All studies are subject to limitation; however, even if the techniques are imperfect, that does not mean they are not useful and informative. Field-generated data can fill critical data gaps and augment laboratory-based findings82, allowing a more comprehensive characterization of the state of public health conditions in low-resource contexts. We therefore believe that our proposed method is a useful way to fill the research gap as outlined in the present Perspective.

Outlook and summary

In this Perspective, we highlight a discrepancy between the laboratory versus field performance of POUWT methods and discuss the resulting overestimation of potential health protection conferred upon the end user if laboratory-based estimates are solely used. We propose field challenge testing as a strategy to address this research gap, using food-safe bacterial and protozoan surrogates. Such a method would generate information that is more representative of POUWT performance experienced by the end user, which can be influenced by factors including environmental water quality, correct and sustained use of POUWT, access to maintenance and repair, and correct cleaning, water retrieval and maintenance activities (Fig. 1).
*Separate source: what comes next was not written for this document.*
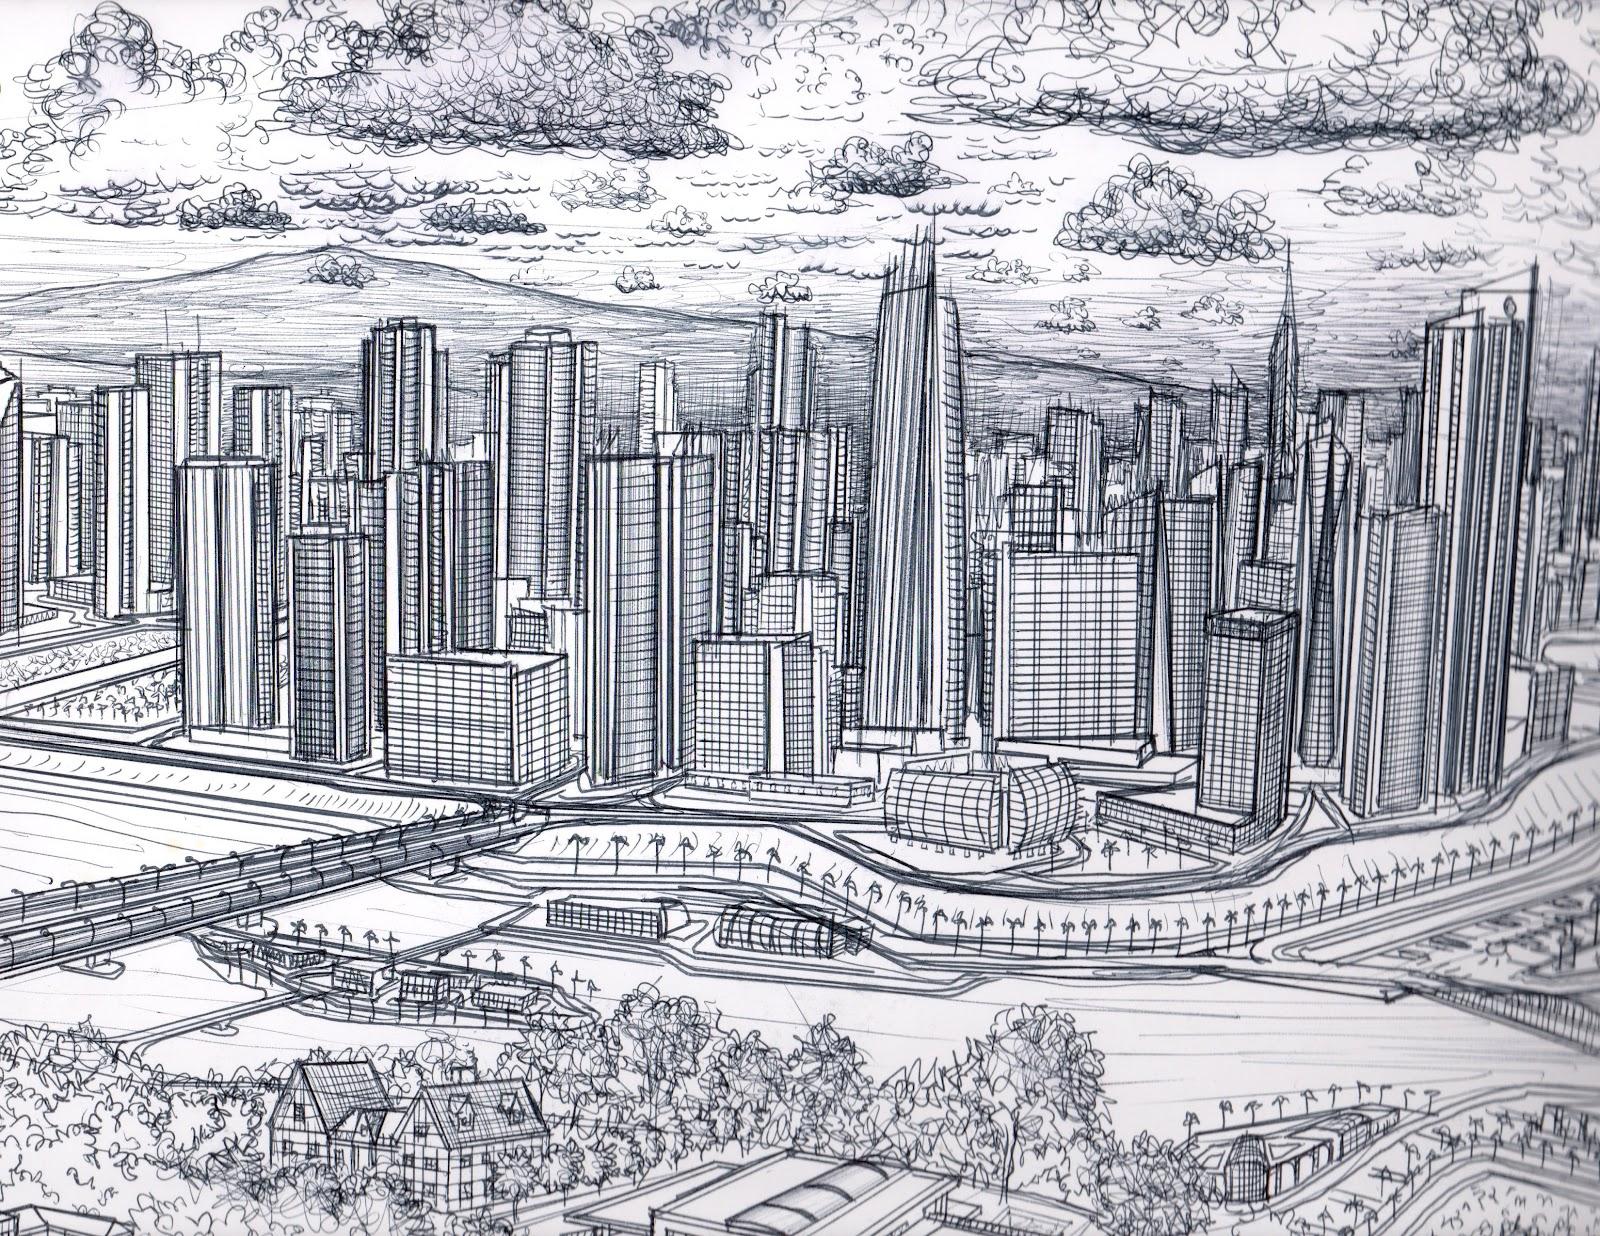 1600x1236 City Building Drawings Of Impressive Img018 Asbienestar.co

When such factors are represented in the data, then POUWT techniques can be viewed within the larger “source to sip” framework of HWTS, which encompasses the water source (in terms of protection, accessibility and sustainability), POUWT approaches and safe water storage and consumption6. By doing so, sustainable and scalable interventions can be made to reduce exposure to faecal contamination via drinking water and realize health gains, of which there is an urgent need83.